→ Data block
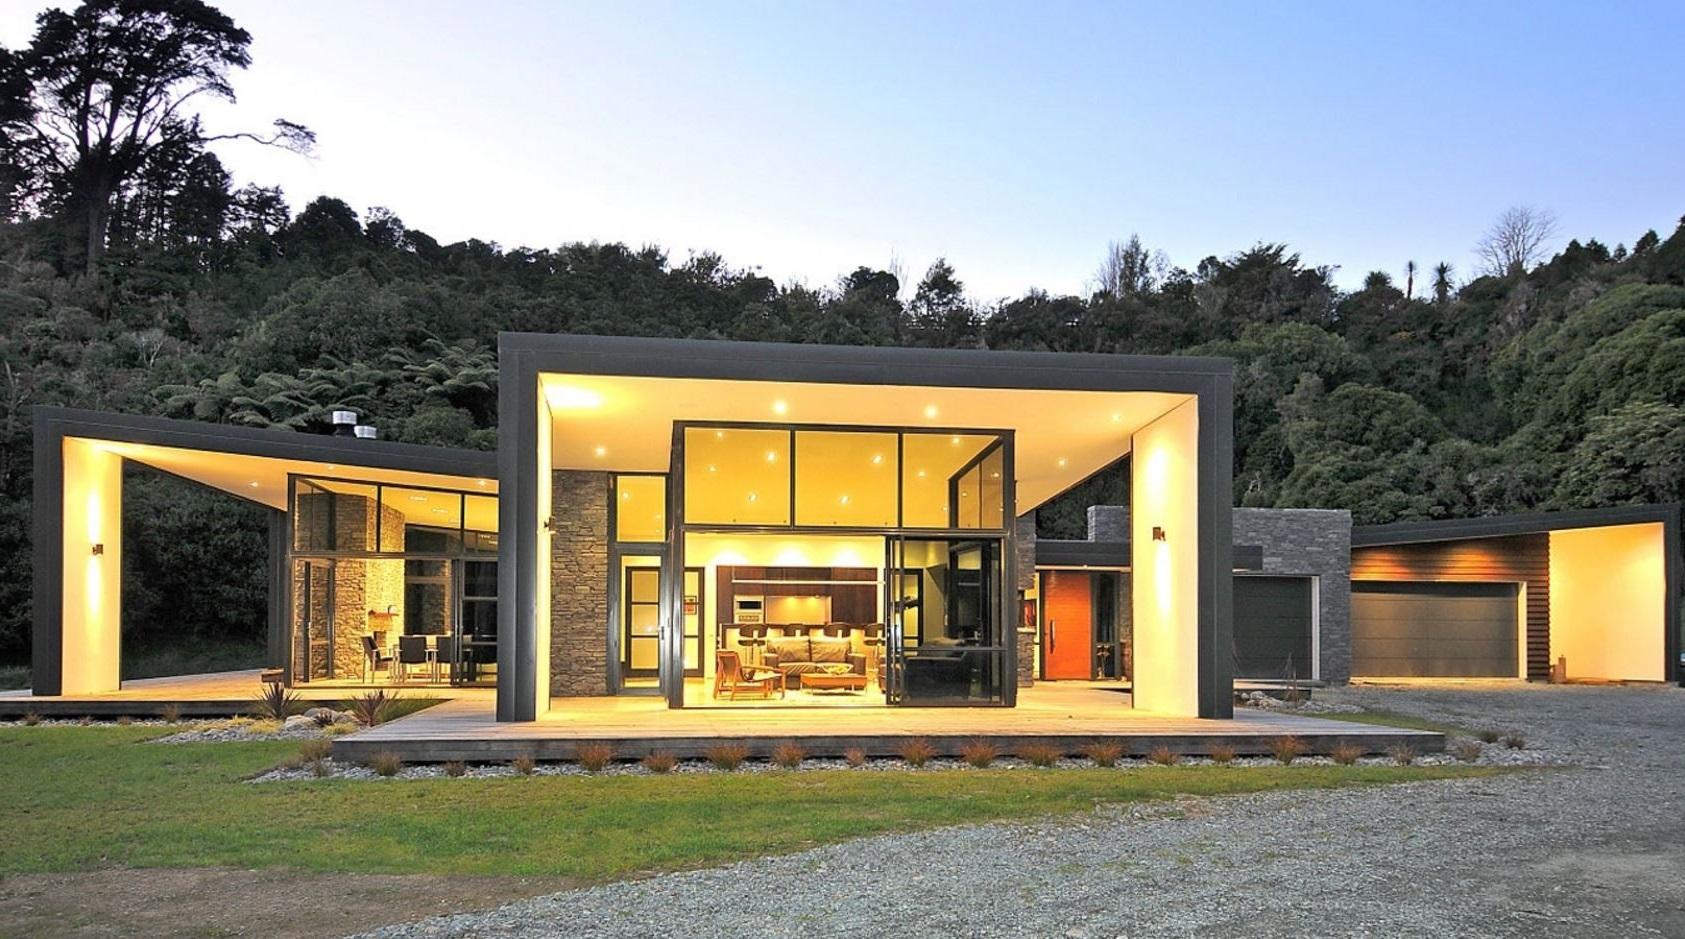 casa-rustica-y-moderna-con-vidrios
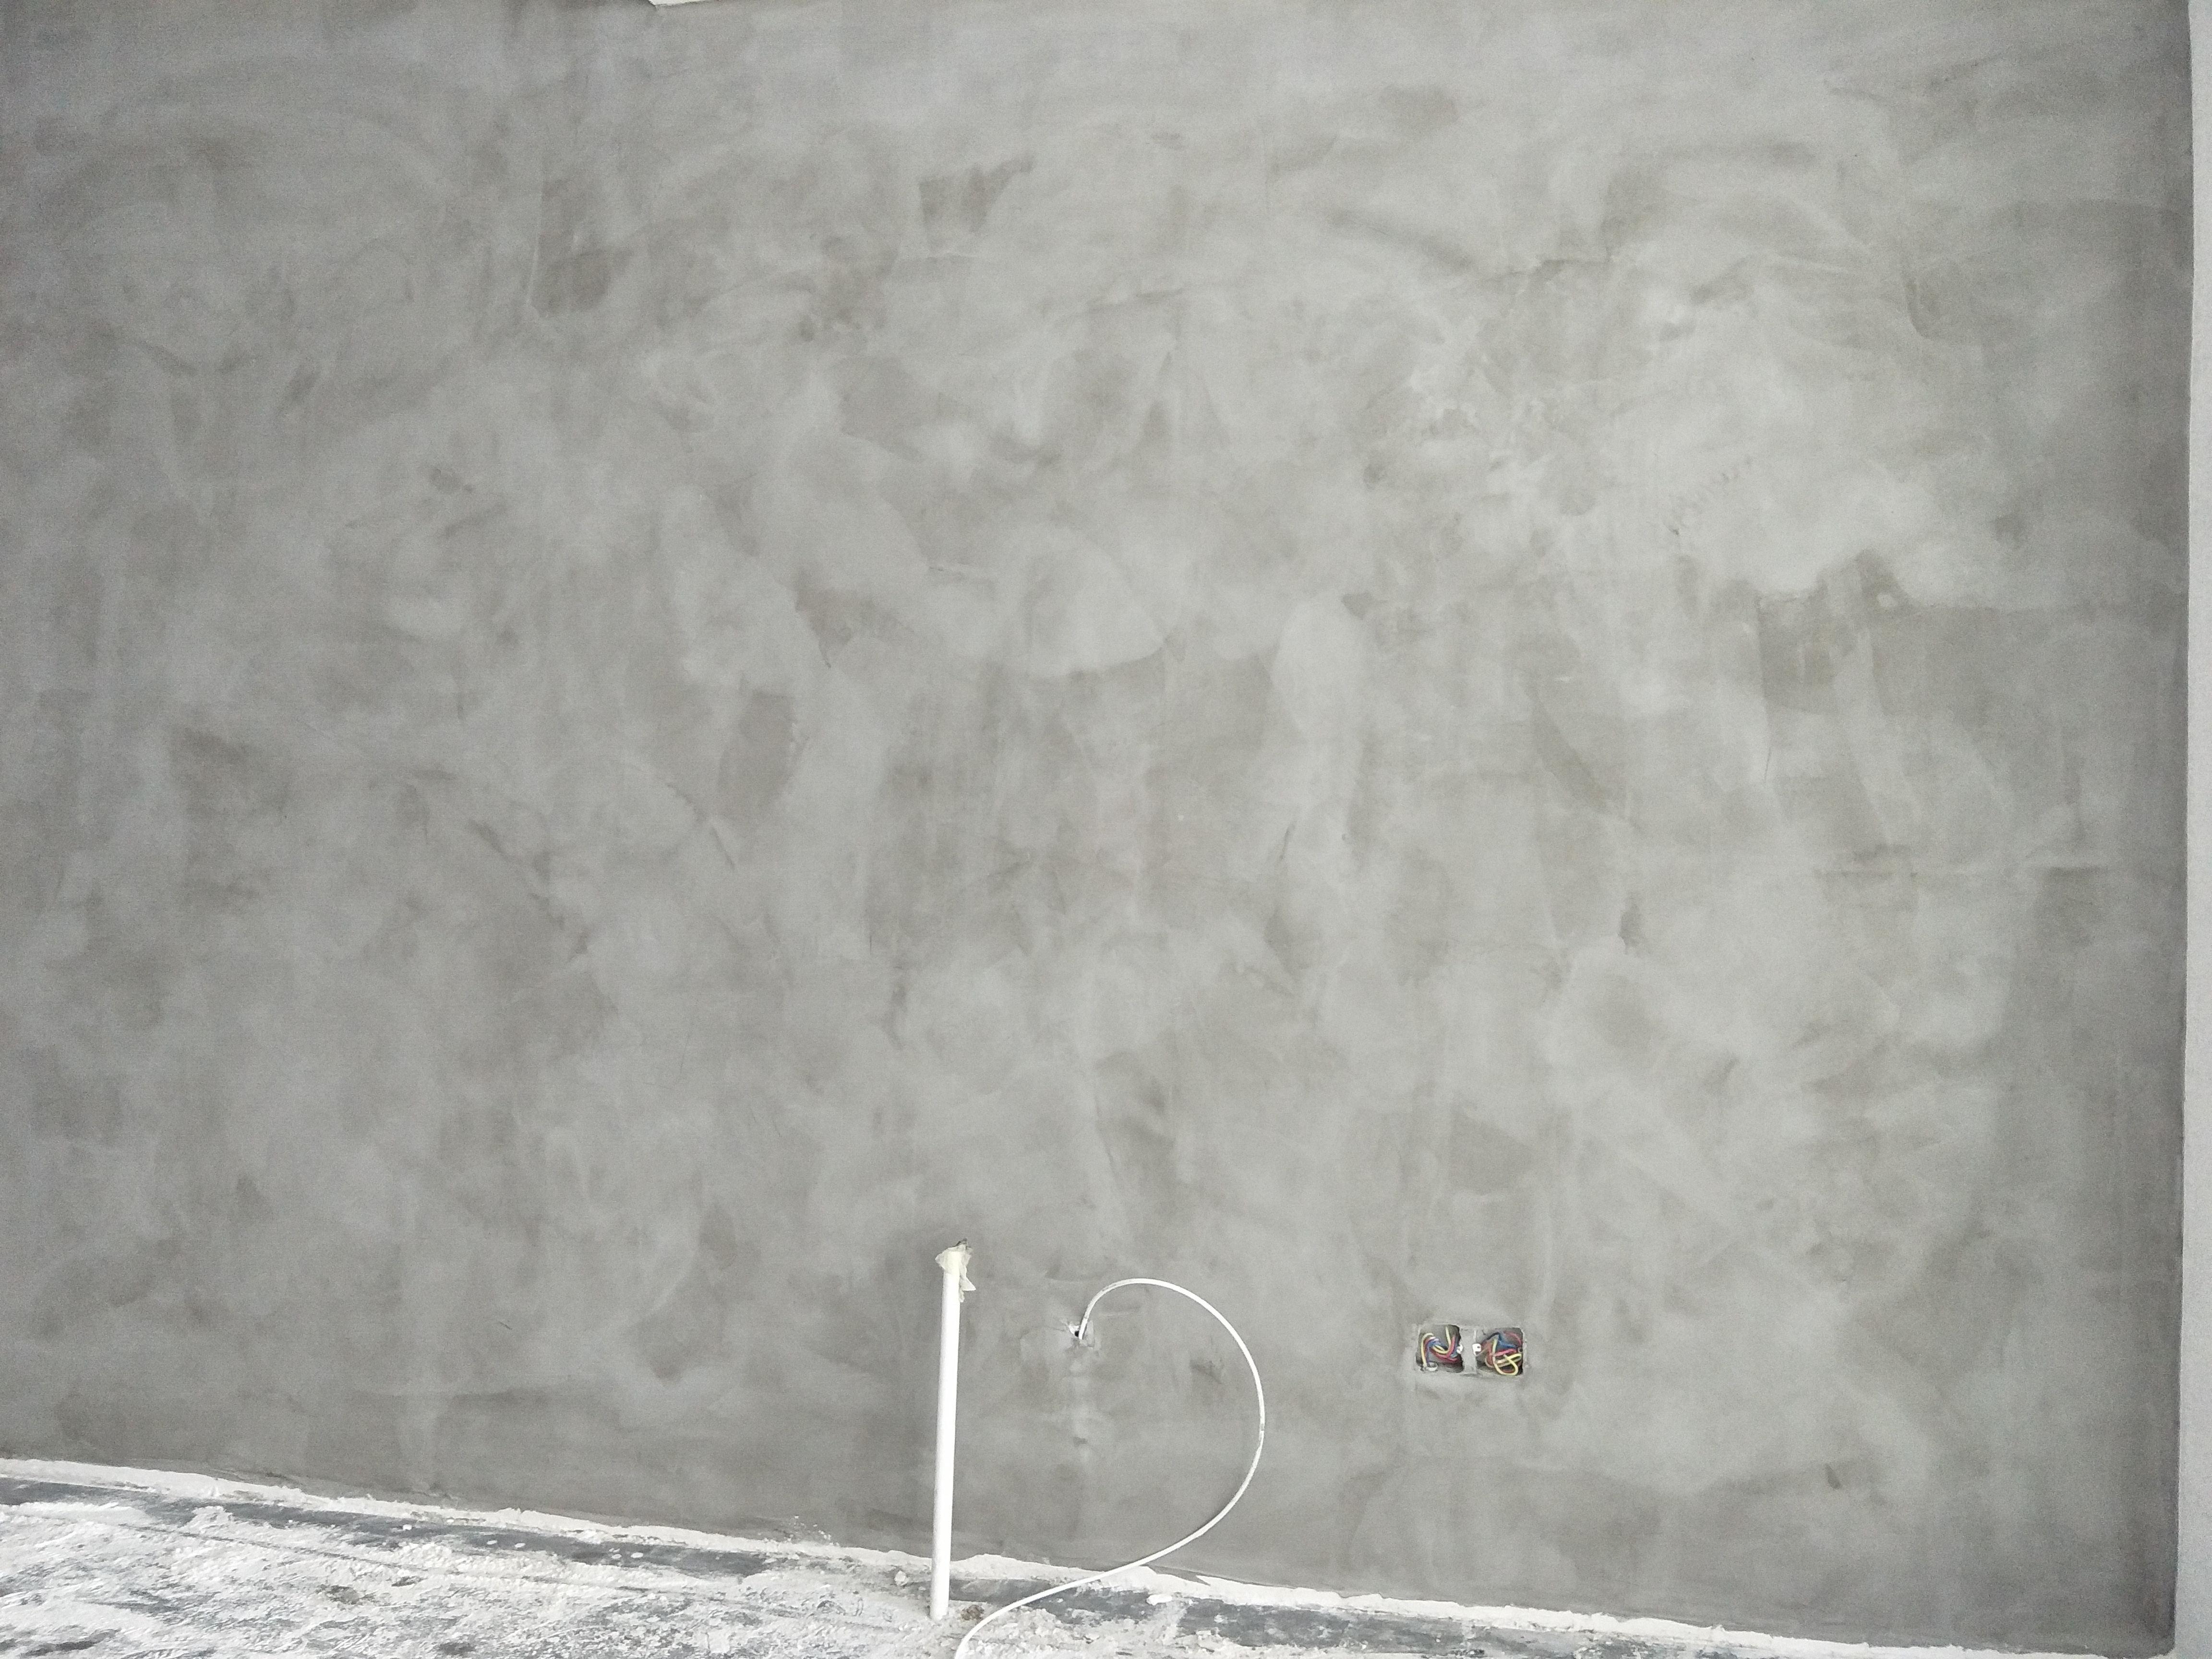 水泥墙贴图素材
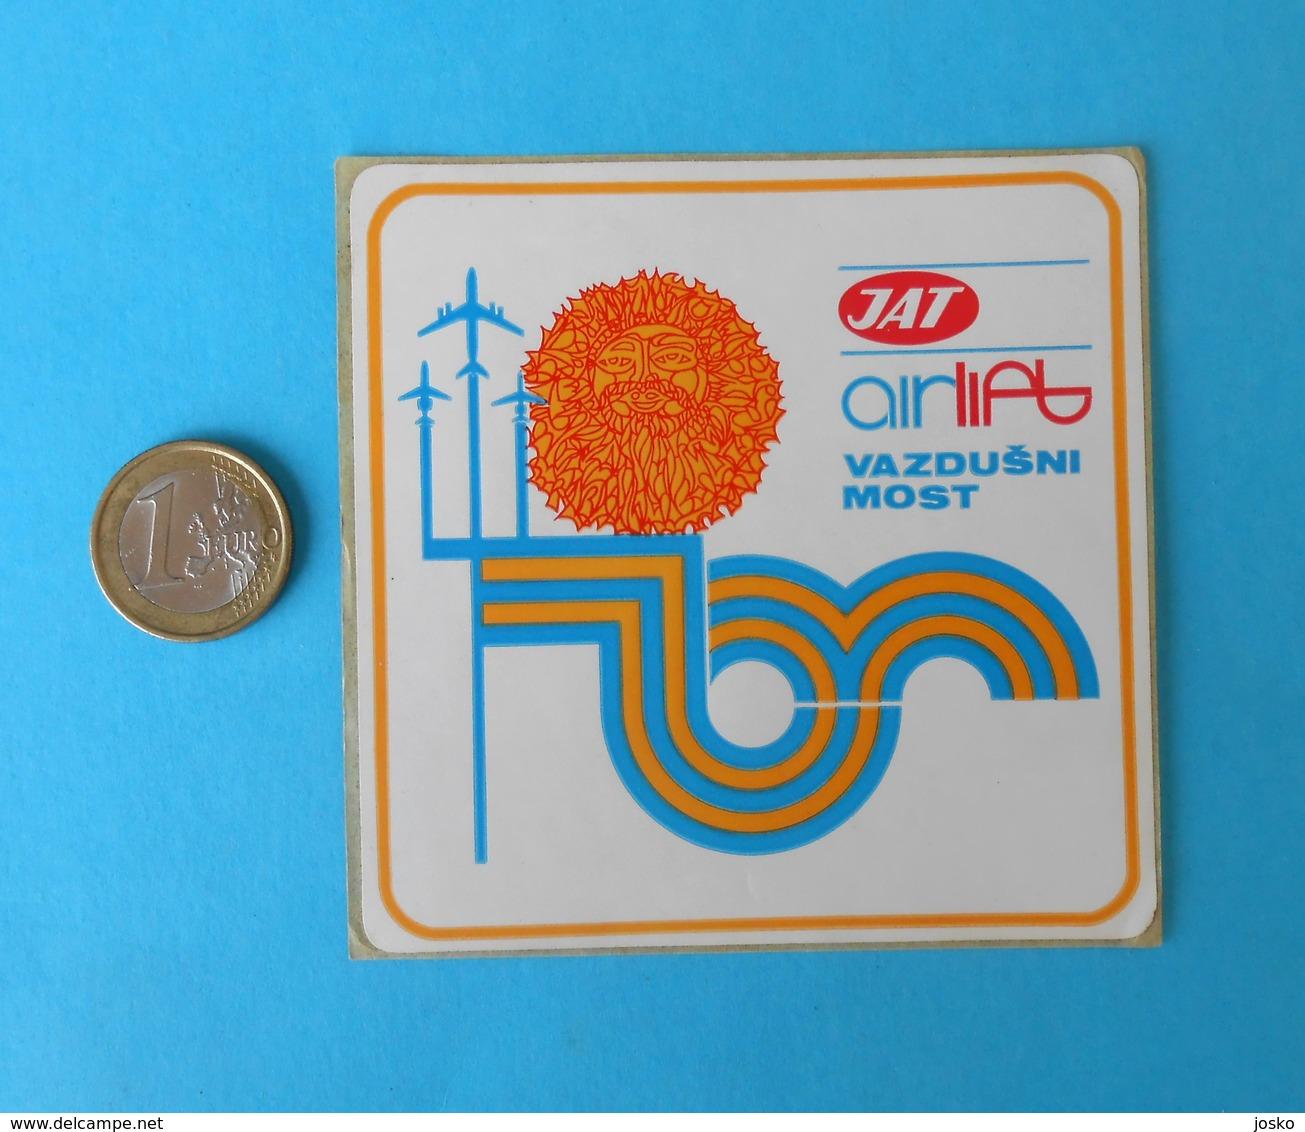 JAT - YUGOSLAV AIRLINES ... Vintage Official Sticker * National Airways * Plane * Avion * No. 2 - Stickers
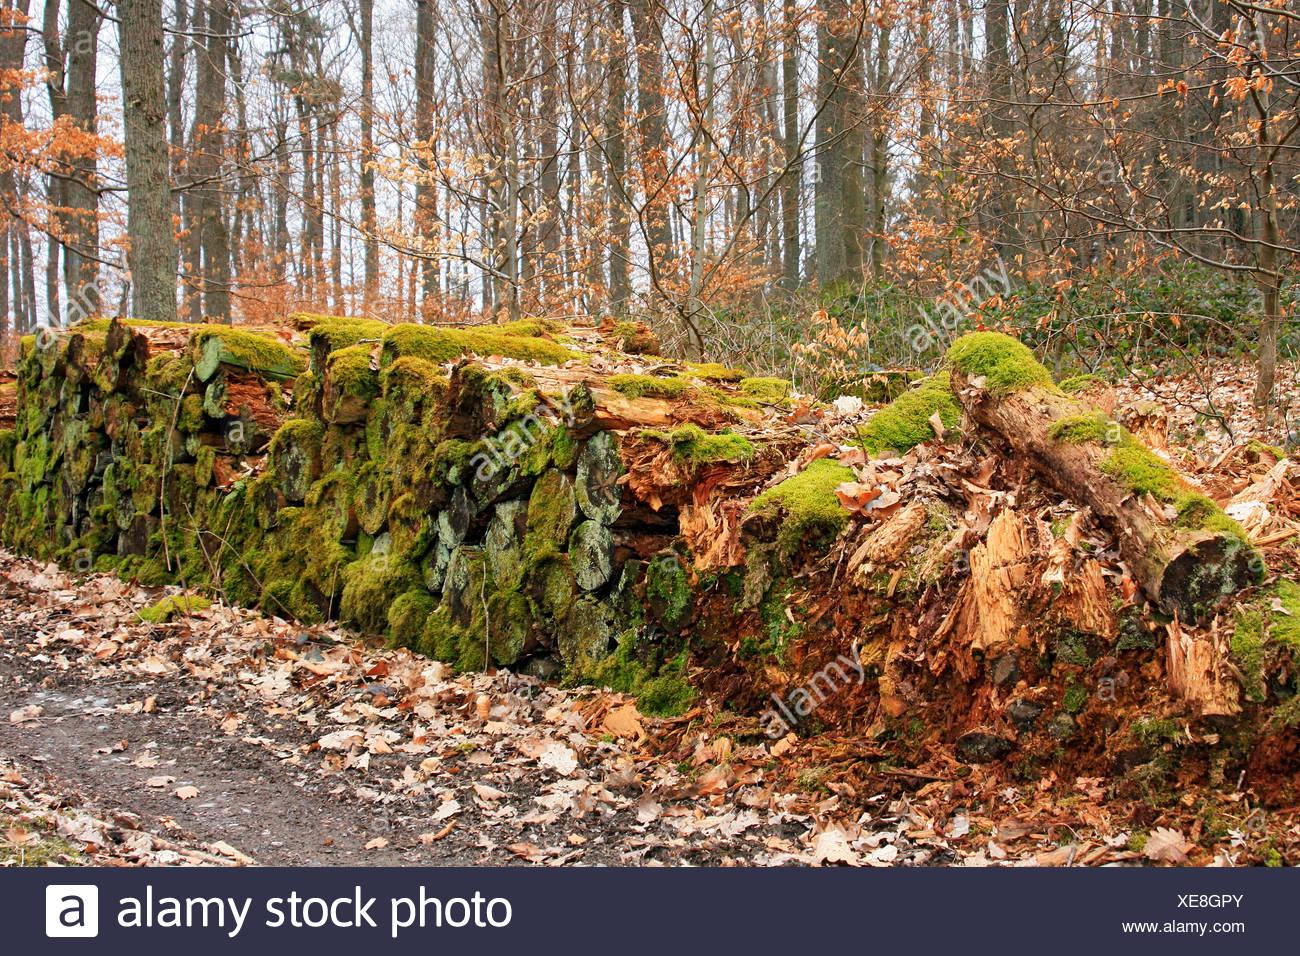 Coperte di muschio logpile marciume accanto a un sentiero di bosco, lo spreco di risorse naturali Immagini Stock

→ What needs to be done
Would you write out all of the data exactly as it stands, without the pictures?

→ Response to the task
 casa-rustica-y-moderna-con-vidrios
 水泥墙贴图素材
 JAT - YUGOSLAV AIRLINES ... Vintage Official Sticker * National Airways * Plane * Avion * No. 2 - Stickers
 Coperte di muschio logpile marciume accanto a un sentiero di bosco, lo spreco di risorse naturali Immagini Stock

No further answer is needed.